Scenario 3: A New Player or Market Transformation
The emergence of a new player with innovative solutions (for example, integration of Web3 features, metaverses, or new economic models) could change the rules of the game. Both stores would be forced to adapt or cooperate with new ecosystems.
Impact:
- The market becomes more fragmented.
- Games may launch simultaneously on multiple platforms under different conditions.
- Users will choose platforms based on their own priorities (price, social features, exclusives).
Telegram may play a special role in this process as a new P2E platform thanks to built-in mini-apps and crypto wallets, it simplifies onboarding and creates an alternative channel for distributing games and digital assets.
Conclusion: Who Will Take the Pot?
The 30% model was long considered the industry standard, but today it is no longer the only option.
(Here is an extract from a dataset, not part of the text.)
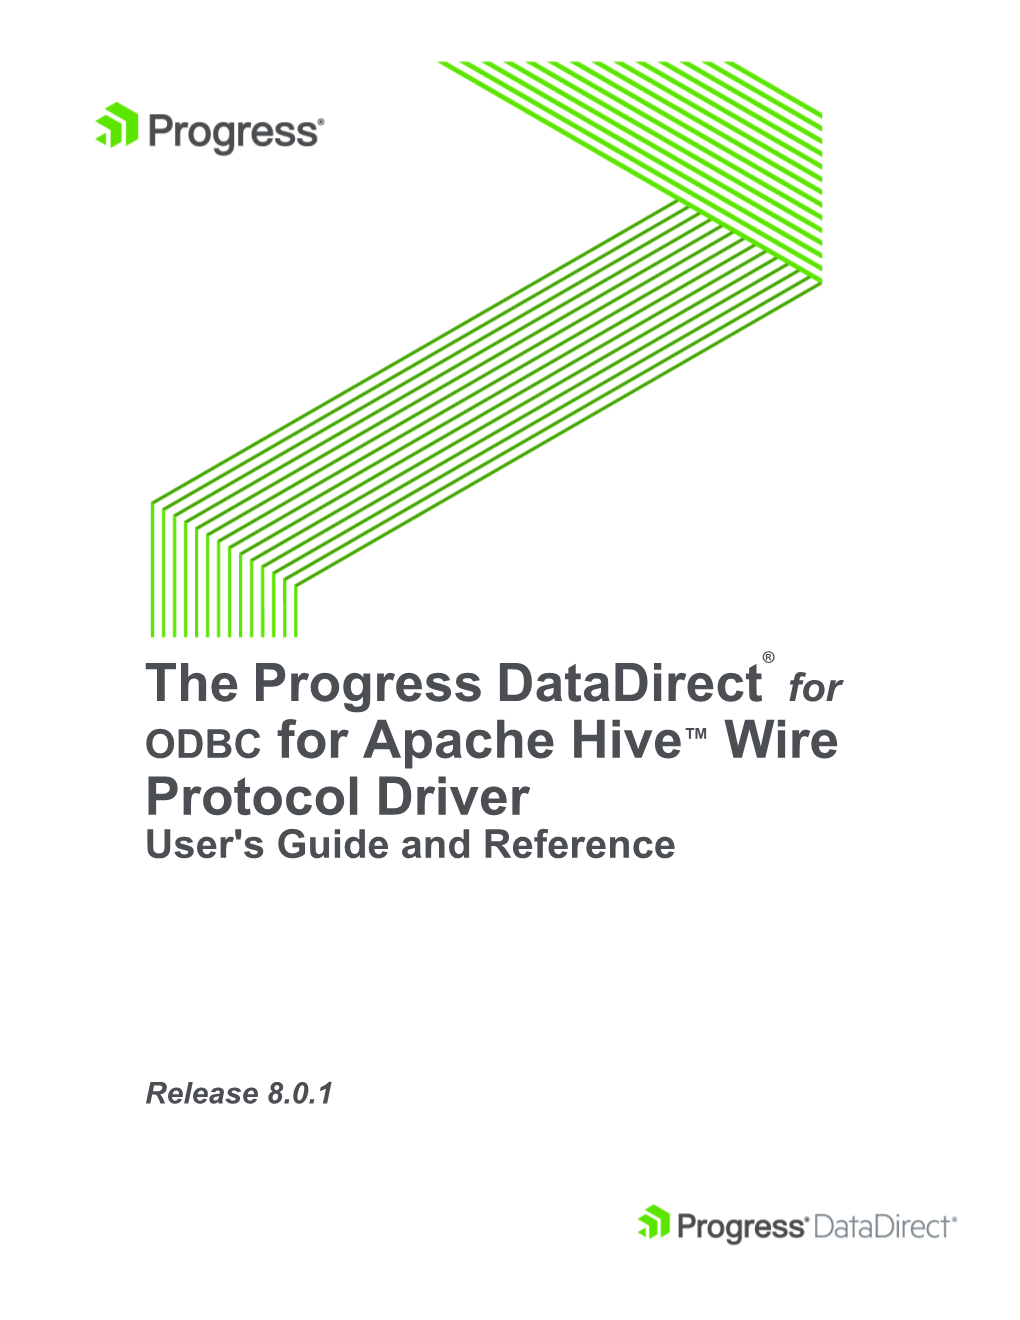 The Progress Datadirect® for ODBC for Apache Hive™ Wire Protocol Driver

Hybrid stores, Web3 distribution, mini-apps, and direct monetization channels are emerging. Platform control is no longer perceived as inevitable.
Epic Games Store has already proven that the rate can be reduced to 12%, effectively breaking the previous standard. This is not the destruction of the platform model, but its transformation.
Web3 goes further by proposing minimized intermediaries, external tokens, and asset ownership outside the store. However, questions remain regarding infrastructure, traffic, and monetization.
In reality, competition in 2026 is not “30% versus 0%,” but a struggle for control over cash flows and user relationships. Steam defends stability and ecosystem control, Epic expands acceptable boundaries and lowers commissions, and Web3 questions the very role of the centralized platform.
Ultimately, the market will be captured by those who can combine a sustainable business model, economic benefits for developers, technological flexibility, and a genuine sense of value and ownership for players.